The Union Health Ministry has proposed amendments to the Drugs Rules, 1945, to bring India’s regulatory requirements for testing blood products in line with internationally accepted pharmacopoeial standards.
The move aims to simplify testing procedures while maintaining strict safety standards for patients. According to the ministry, the proposed changes will remove testing requirements that are not necessary under global best practices and reduce duplication in the current system.
Blood products used for medical treatment are made from human plasma, a component of blood. Before these products are manufactured, the plasma collected from multiple donors is pooled together and tested thoroughly to ensure that it is free from infections.
Under internationally accepted pharmacopoeial standards, such as the Indian Pharmacopoeia Commission standards, as well as those laid down in the British Pharmacopoeia, United States Pharmacopeia, and European Pharmacopoeia, strict testing protocols are already in place for pooled human plasma.
As per these standards, the first homogeneous pool of plasma used for fractionation must be tested for key viral markers. These include Hepatitis B surface antigen (HBsAg), Hepatitis C virus RNA, and antibodies to HIV. Only plasma pools that test negative for these viruses are allowed to be used for the production of plasma-derived medicinal products.
However, the ministry noted that under the current regulatory system in India, the finished blood products manufactured from these already tested plasma pools are again subjected to the same viral testing.

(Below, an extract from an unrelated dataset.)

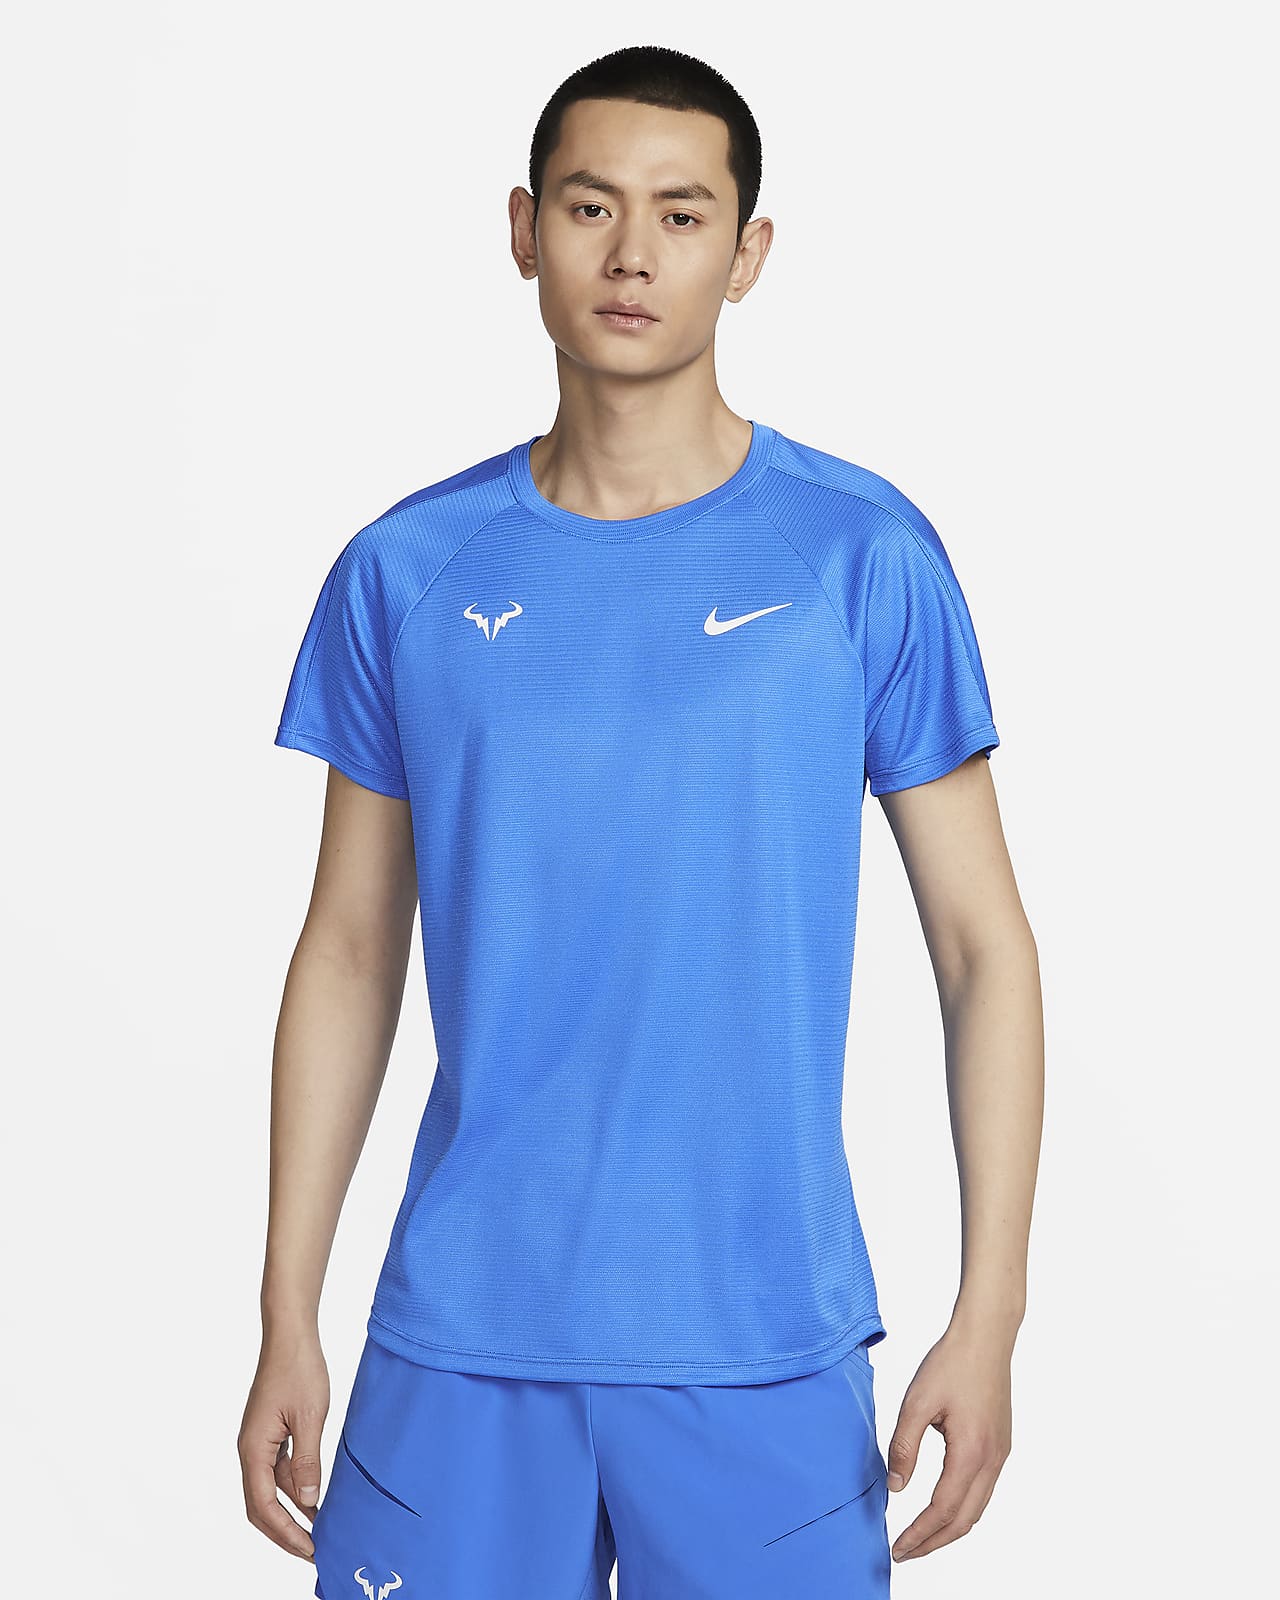 Rafa Challenger Nike Dri-FIT 男子速干短袖网球上衣

This means that the same viral markers are tested twice — once at the pooled plasma stage and again at the finished product stage. According to officials, such duplicate testing is not followed under most international regulatory practices.
“Under these harmonized standards, the first homogeneous pool of plasma is mandatorily tested for Hepatitis B surface antigen (HBsAg), Hepatitis C virus RNA, and antibodies to HIV."
“The pooled plasma must test negative for these viral markers before it is permitted for fractionation. Only plasma pools that meet these safety requirements are used for manufacturing plasma-derived medicinal products,” as per the draft notification shared by the Union Health Ministry with the public on Saturday.
The ministry has invited public comments on the changes proposed to Para G (Testing of Blood Products), Part XII C, Schedule F of the rules.
Officials described the proposal as a step towards regulatory harmonisation and scientific rationalisation of testing procedures. It is also expected to reduce unnecessary compliance burdens on manufacturers while continuing to maintain high levels of safety.
Experts say that eliminating duplicate testing can also help streamline production processes for plasma-derived medicines without compromising quality or patient protection.
The ministry emphasised that only plasma pools that meet strict safety standards will continue to be used in manufacturing blood-derived medicines. Therefore, the safety of patients will remain a top priority.
“The proposed amendment is a progressive step towards regulatory harmonization, scientific rationalization of testing requirements, and reduction of avoidable compliance burden, while continuing to uphold the highest standards of patient safety."
“Stakeholders are encouraged to review the draft notification and submit their comments and suggestions within the prescribed timeline,” the Union Health Ministry said in a statement.